The effacement of Vaux as codesigner began as early as May 1858 when the Central Park commissioners conferred the singular title of architect-in-chief on Olmsted, who had since September 1857 been superintendent, and began paying Vaux a daily wage as his assistant. (Not until January 1859 would Vaux receive the title of consulting architect). Olmsted presented himself thereafter as Central Park's "representative man." Yet had Olmsted worked alone, had Vaux deferred to his partner in "areas of aesthetic decision," the Greensward plan would not have included some of its most distinguishing features.

The premise of the Greensward plan was that Central Park should express an overarching aesthetic motive. In criticizing Viele's plan, Vaux stressed its lack of an "artistic conception" that would give shape and coherence to the viewer's experience. The goal of Vaux's entire professional career had been to arrange "useful and necessary forms" to "suggest the pleasant ideas of harmonious proportion, fitness, and agreeable variety to the eye." For Vaux to have accepted the unplanned and eclectic aesthetic of commercial pleasure gardens would have meant surrendering his judgment as an artist. Olmsted, who admired the harmonious composition of English parks, found spontaneous manners as well as eclectic design distasteful.
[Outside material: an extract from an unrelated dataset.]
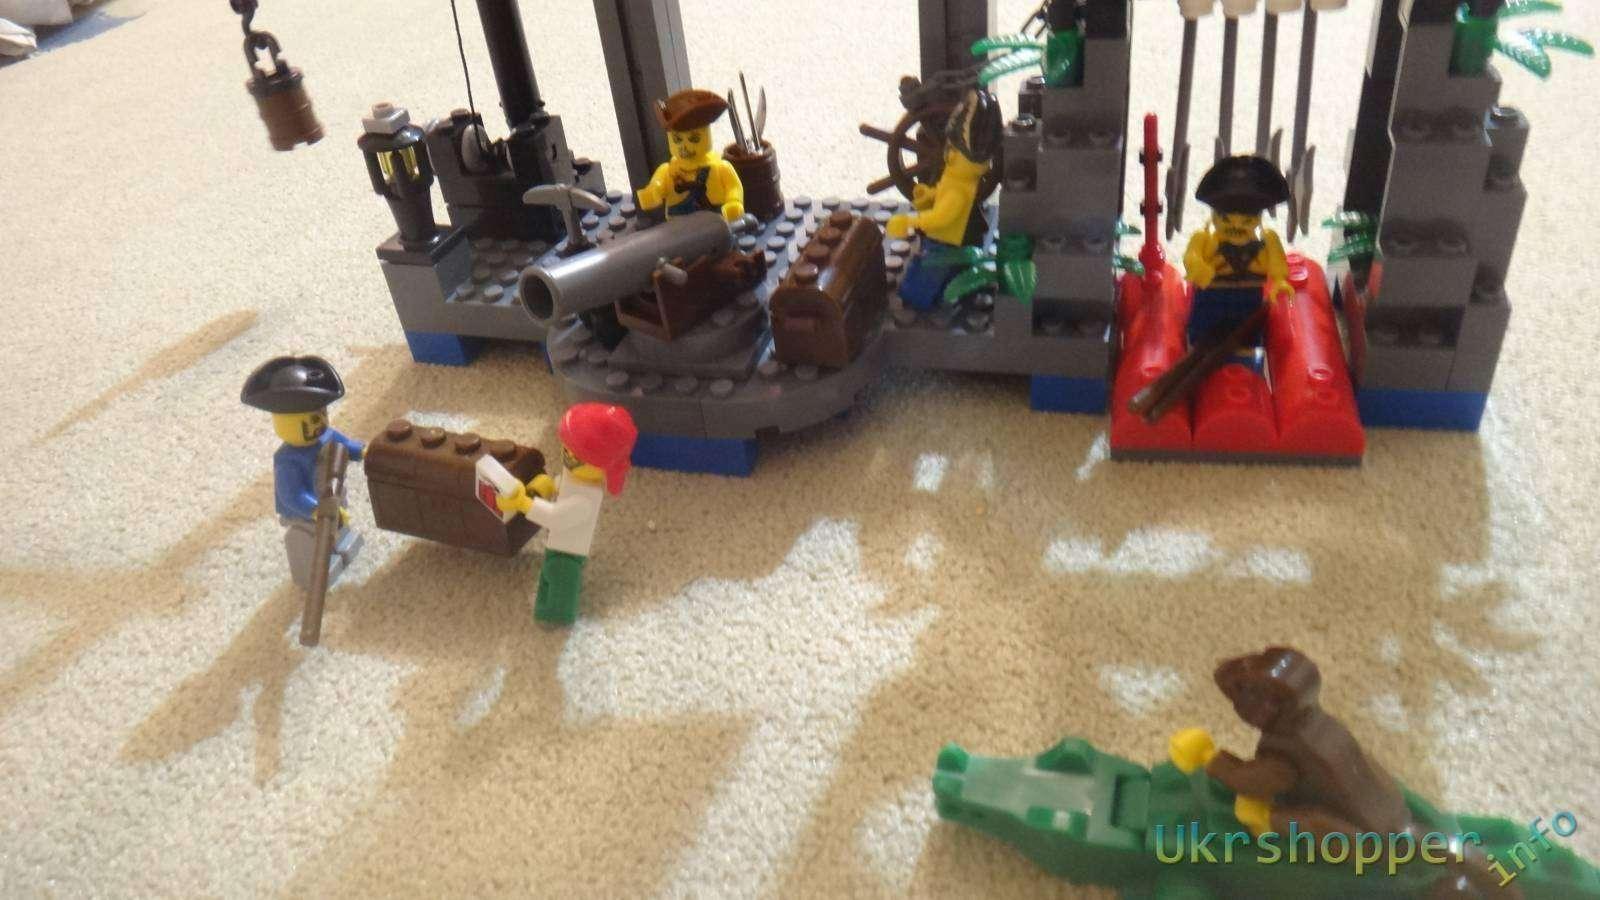 Aliexpress: Обзор конструктора 'Brick' пиратская серия: Деревня скелета

The partners envisioned the future Central Park as a unified work of landscape art.

Even before the competition, both men had advocated government support of culture and the arts, and they viewed a public park as one public institution among many -- schools, museums, libraries -- that could enhance the lives of free citizens. Central Park would be a democratic institution by virtue of the mixing of classes within its boundaries. And the Greensward plan itself postulated what individuals from all social backgrounds would do there: admire the artistically composed scenery, enjoy the spectacle of the crowd on the promenade, and engage in the wholesome exercise of driving, riding, walking, skating, or -- for those who played cricket -- competitive sports.

Not all New Yorkers shared Vaux and Olmsted's assumption that the "popular idea of a park is a beautiful open green space." That fact became apparent in the weeks after the award was announced. Critics for the Horticulturalist and the Crayon (a Ruskinian art journal) heartily endorsed the selection of the Greensward plan, but the Herald's James Gordon Bennett found it "impossible to make head or tail" of the winning plan and attributed its selection entirely to politics; Frank Leslie's Illustrated Weekly admired the winning plan but primarily the Parade, playgrounds, Mall, and concert hall, ignoring the naturalistic landscape effects; and even the Times, Post, and Courier and Enquirer, which all agreed that the first prize was deserved, hoped that the plan would be modified by "valuable hints" that appeared in some of the losing plans.

Although the park commissioners arranged a public exhibition of the plans, they also attempted to preempt public discussion of the design. A week after the awards, a committee (Andrew Green and Charles Russell) consulted with Superintendent Olmsted and proposed three modifications: first, thirty-foot roads with a fifteen-foot pedestrian walk on one side and a twenty-foot bridle path running for three miles on the other to save paving costs and to satisfy the expectations of equestrians (the Greensward plan itself pointed to the example of the Vienna Prater and the Bois de Boulogne in proposing sixty-foot carriage drives, flanked on either side by twenty-foot walks); second, a cost-saving "footway" instead of the carriage entrance between Sixth and Seventh avenues; and third, drawing the western drive deeper into the park, thereby reducing the Parade.